At DFP, we often introduce ourselves to new team members by mentioning an interesting fact that perhaps not everyone knows. So, it came to be that I mentioned becoming a beekeeper.
Currently, beekeeping is not my main job, as at DFP I head up data engineering. This places me right in the middle of data science and the applications/devops team. Data engineering is a great space to be in at the moment, since these days every company is a data company.
So, do the worlds of beekeeping and data engineering align?
On the face of it, not at all. This can best be highlighted by the adage ‘Get two beekeepers in a room and you’ll have at least three opinions.’ Whereas with data engineering there’s always one correct/proper way. Sure, there are many approaches to a job, and even more tools to use, but once you hit that sweet spot, it’s obvious. Get the architecture right, and away you go.
However, you can draw some parallels. There are three main types of bees in a honey hive: Worker, Drone and Queen. It’s perhaps most applicable to correlate the activities of a data engineer with those of the Worker bee. They both:
- Are responsible for building the right environment
- Clear out debris and reinforce/build-on, where necessary
- Forage for data to feed the hive.
Worker bees (data engineers) as pollinators are extremely valuable in terms of their contribution to the hive (business) but also the wider environment (economy). That being said, all bees are essential – Why is it important to save the bees?

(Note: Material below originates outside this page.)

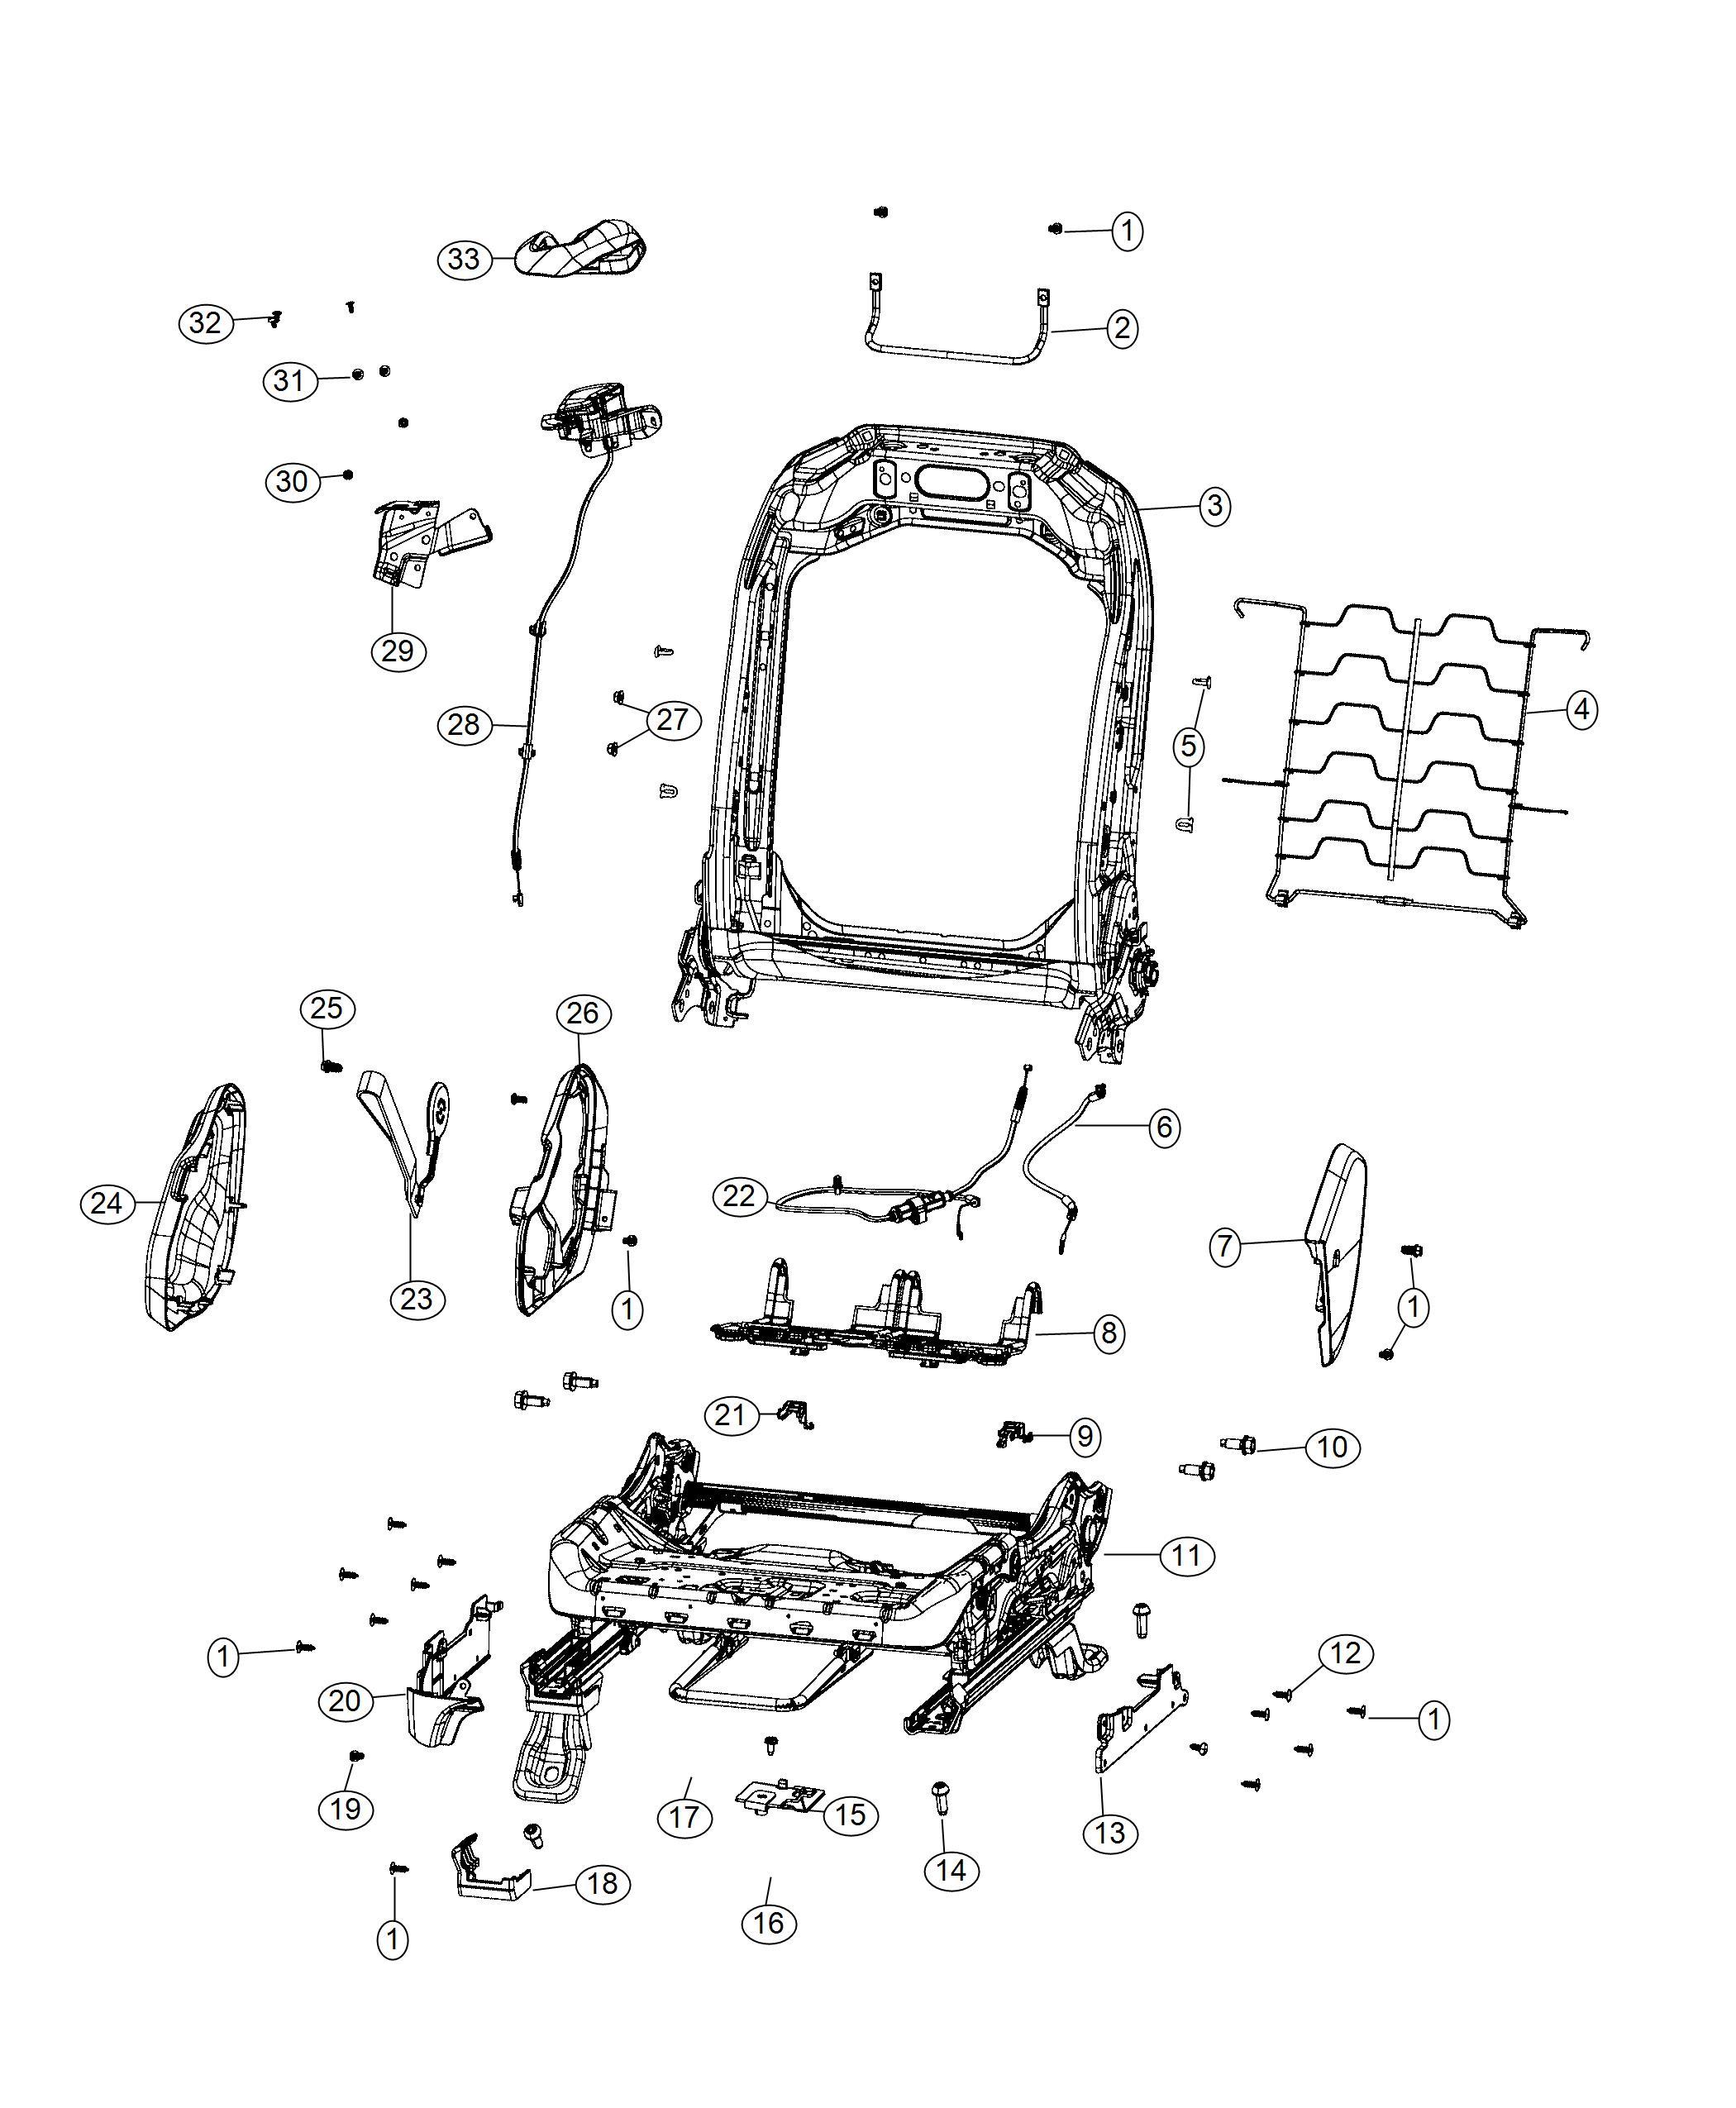 Jeep Wrangler Pull Strap Seat Recliner Export Black

Bees are incredibly disciplined, with clear lines of responsibility. A hive that is down on numbers for key roles will struggle – and excess numbers in any particular area can cause problems, too. It’s all about balance.
Likewise, this is true for a data-centric organisation. Lines of responsibility and the balance of the team is critical to producing high-quality results, as well as for respecting and valuing the strengths of each team member.
Also, a start-up hive (organization) isn’t quite as polished or well-structured as it could be, but with commitment great results will ensue. Which is when you can sit back and start enjoying the honey.
And for the record, I’m not the first data engineer to have a love of all things bee.